How many memory bits are present in 1KB RAM?
KB to Bits Conversion Table Kilobytes (KB) Bits (b) 1 KB 8000 bits 2 KB 16000 bits 3 KB 24000 bits 4 KB 32000 bits.
How many 1KB IC’s are required to build 1mb memory?
Answer: A total of 32 RAM chips are needed to build 1 MB of memory. = 32 chips. Thus, 32 RAM chips are needed to build 1 MB of memory.
How many 1024 ∗ 1 RAM chips are required to construct a 1024 ∗ 8 memory system?
Q. How many 1024 * 1 RAM chips are required to construct a 1024 * 8 memory system? C. 8 D. 12 Answer» c. 8 Explanation: one 1024 * 1 ram chips is of 1-bit. so, for construction of 1024 * 8 ram chip of 8-bits,.
How many address lines are required for a 8K memory?

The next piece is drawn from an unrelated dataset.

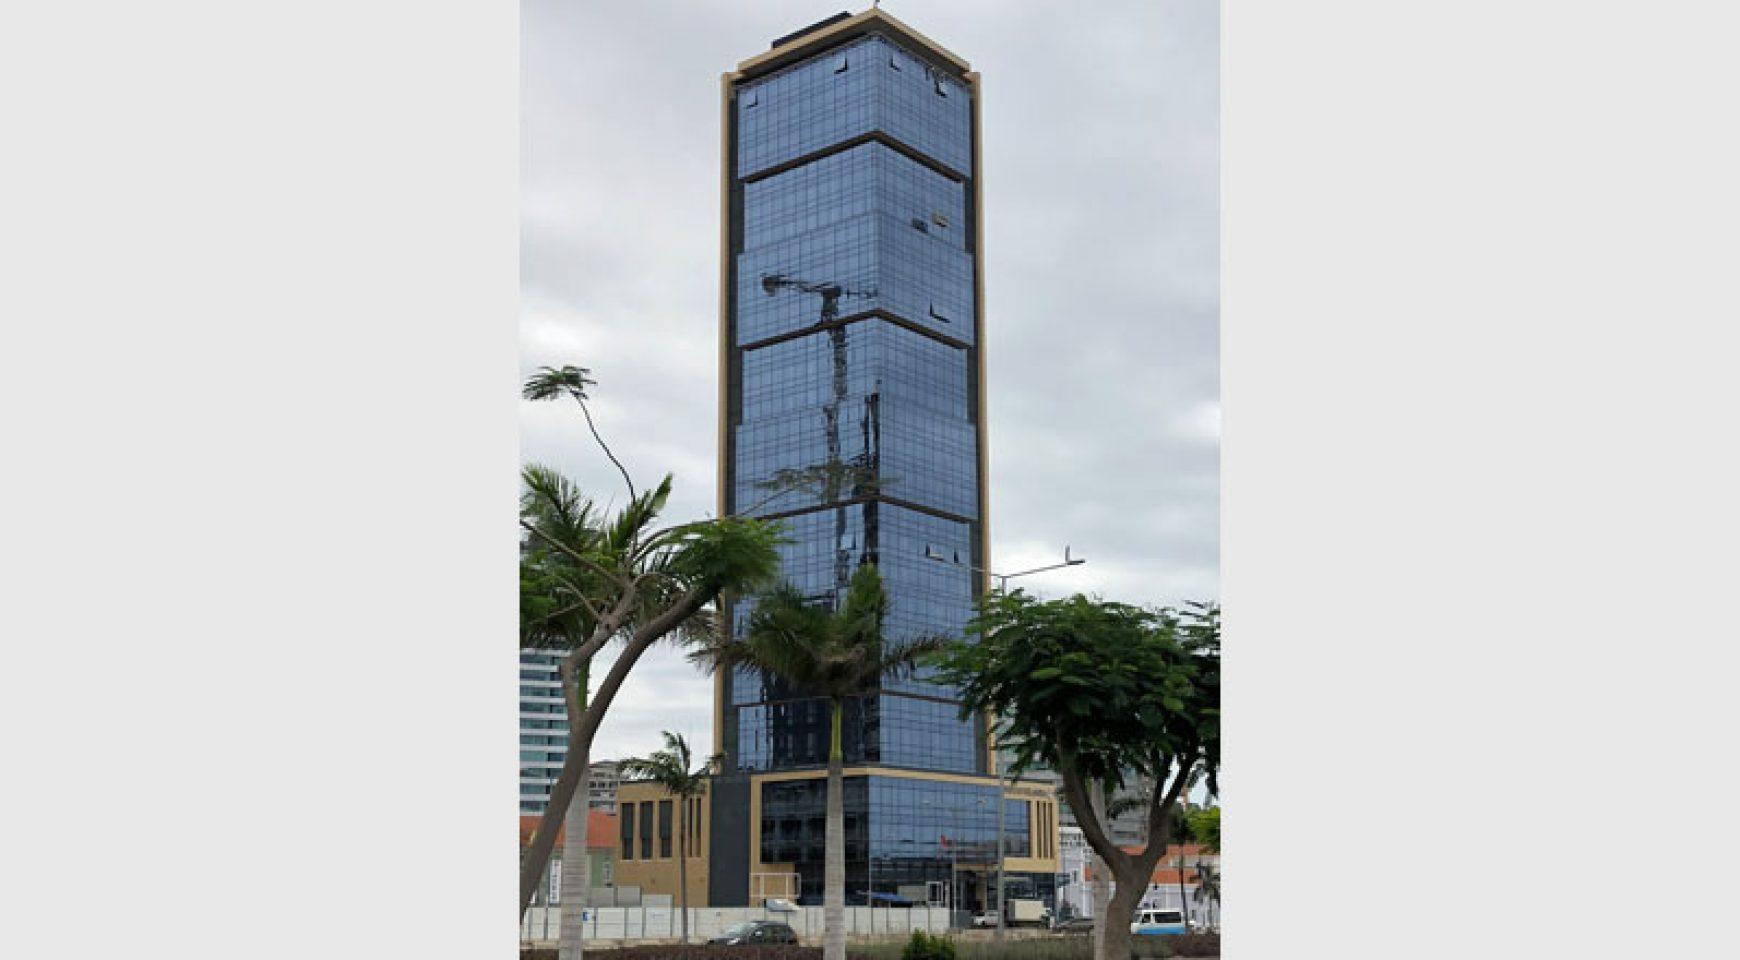 Building a modern home for 100 kila.

8K∗16=213∗16, thus 13 address lines and 16 data lines.
How many address bits would you need to read the contents of a memory containing 2000?
With regard to memory, 2k usually means 2*(2^10) — that is, 2048. Now, depending on context, that may be 2048 bits, 2048 bytes ( 8*2048 bits), or 2048 words — (word-size-in-bits) * 2048 bits.
How many address lines are required for interfacing 32K RAM or ROM *?
A JEDEC 2732 EPROM (32K bits, aka. 4K bytes) has 12 address lines. A JEDEC 27256 EPROM (32K bytes) has 15 address lines.
How many address lines are needed for 16kb ROM?
→ it means 20 address lines and 16 data lines. therefore, general formula to find out ROM memory size is 2^m * n, where m is address lines and n is data lines.
How many address bits Mar are required to represent 4k memory Note 1 K 1024 bit?
So, 12 bits are needed to address 4k memory locations.